One of the adopted amendments outlaws any political party or political activity “within any religious frame of reference or on any religious basis or on the basis of gender or origin.” The ICCPR, which Egypt ratified in 1982, prohibits such broadly worded bans on particular categories of political parties or political activity. Rather, it guarantees to citizens, in article 25, the right to take part in the conduct of public affairs either directly or through freely chosen representatives and the right to vote and to be elected in periodic and fair elections.
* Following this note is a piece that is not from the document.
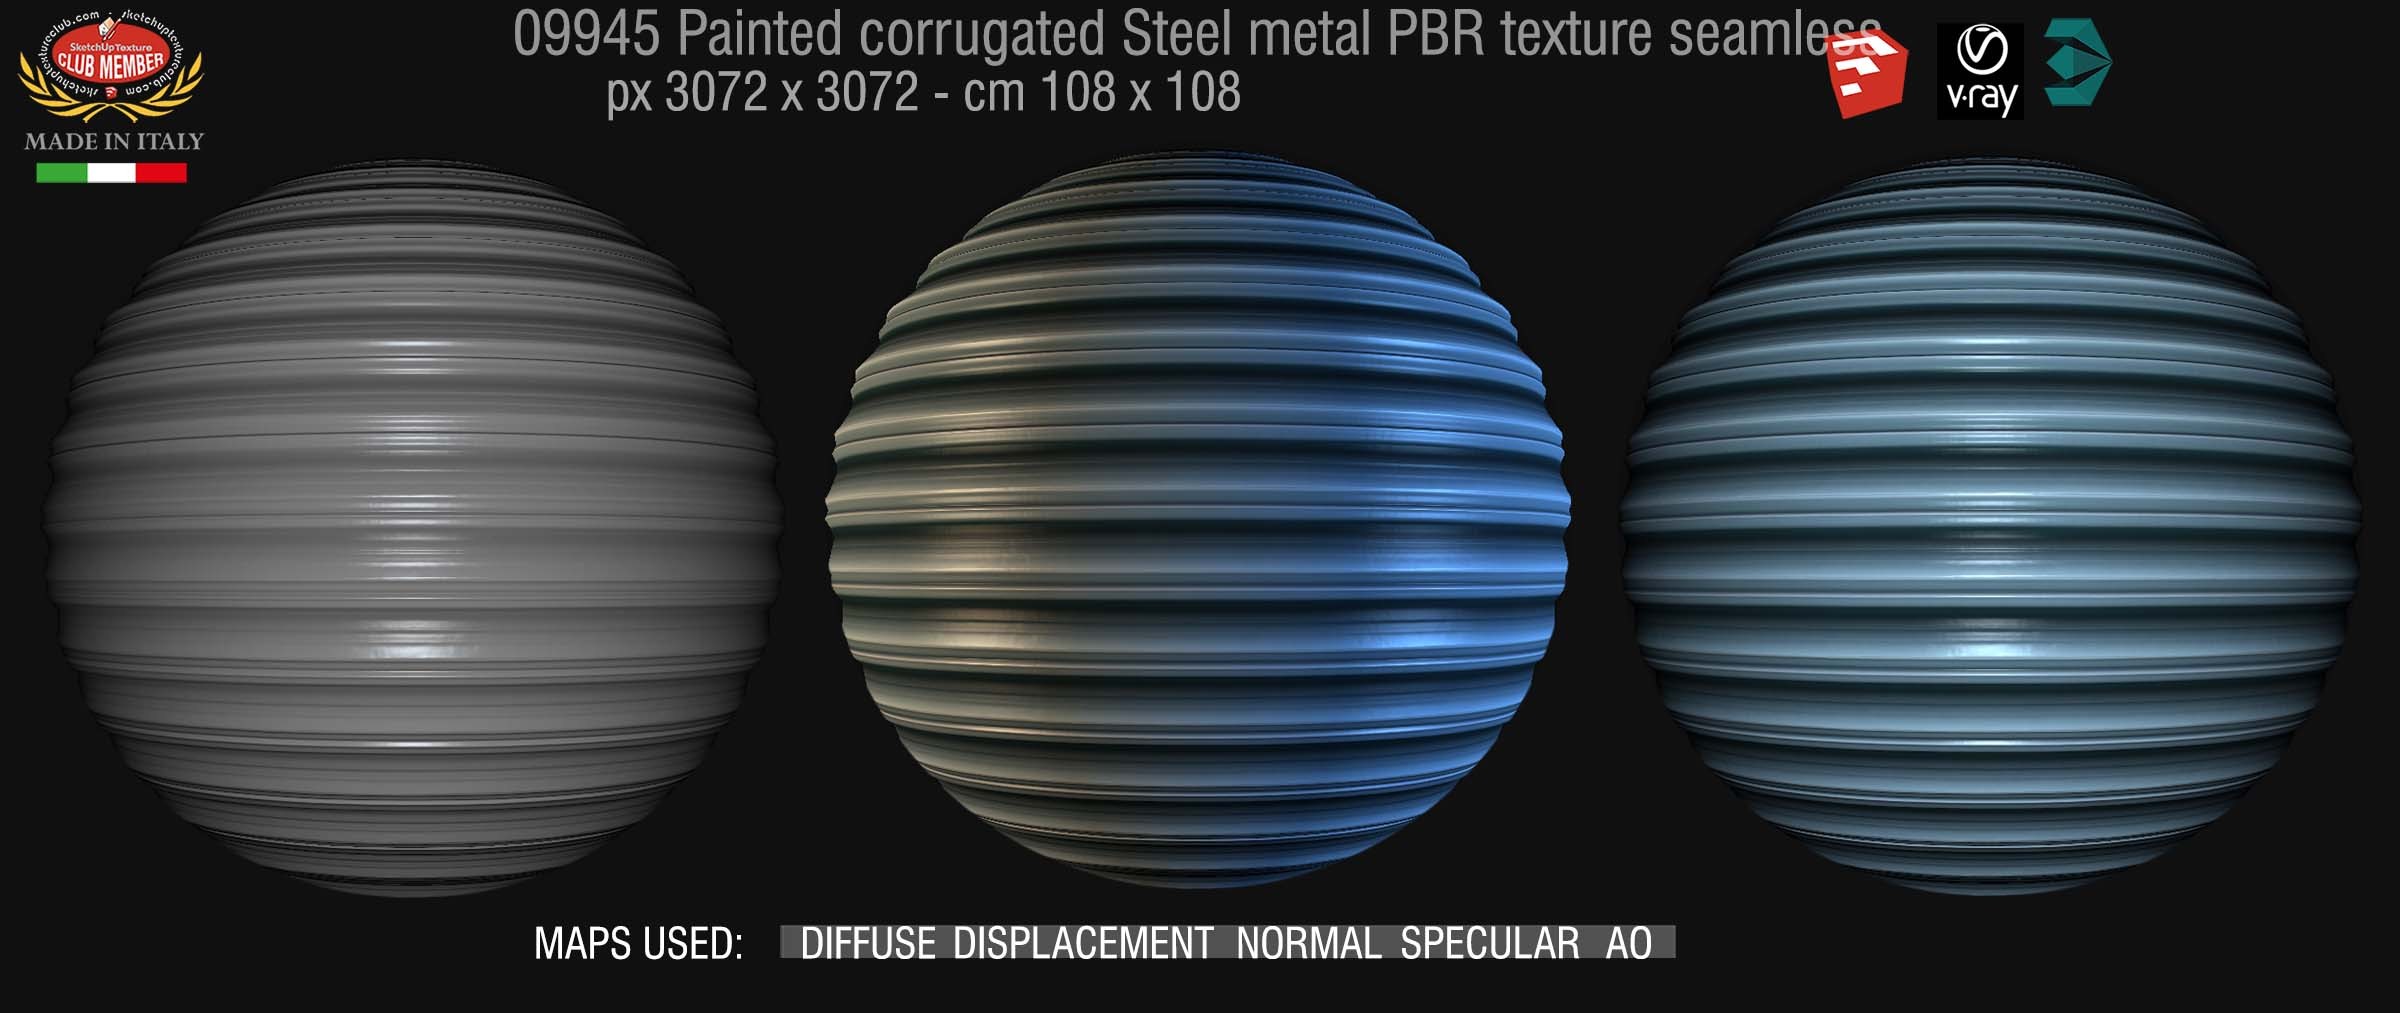 09945 28_painted corrugated metal PBR texture seamless DEMO

These rights entail participation in, and voting for, political parties, and may not be denied on the basis of race, religion or gender, among other distinctions. The present law violates the rights of supporters of a party that claims a religious basis for its program to associate together and to vote for representatives of their choice, and is difficult to reconcile with article 2 of the Constitution, which holds that “Islam is the religion of the state…and the principle source of legislation is Islamic jurisprudence (Shari`).”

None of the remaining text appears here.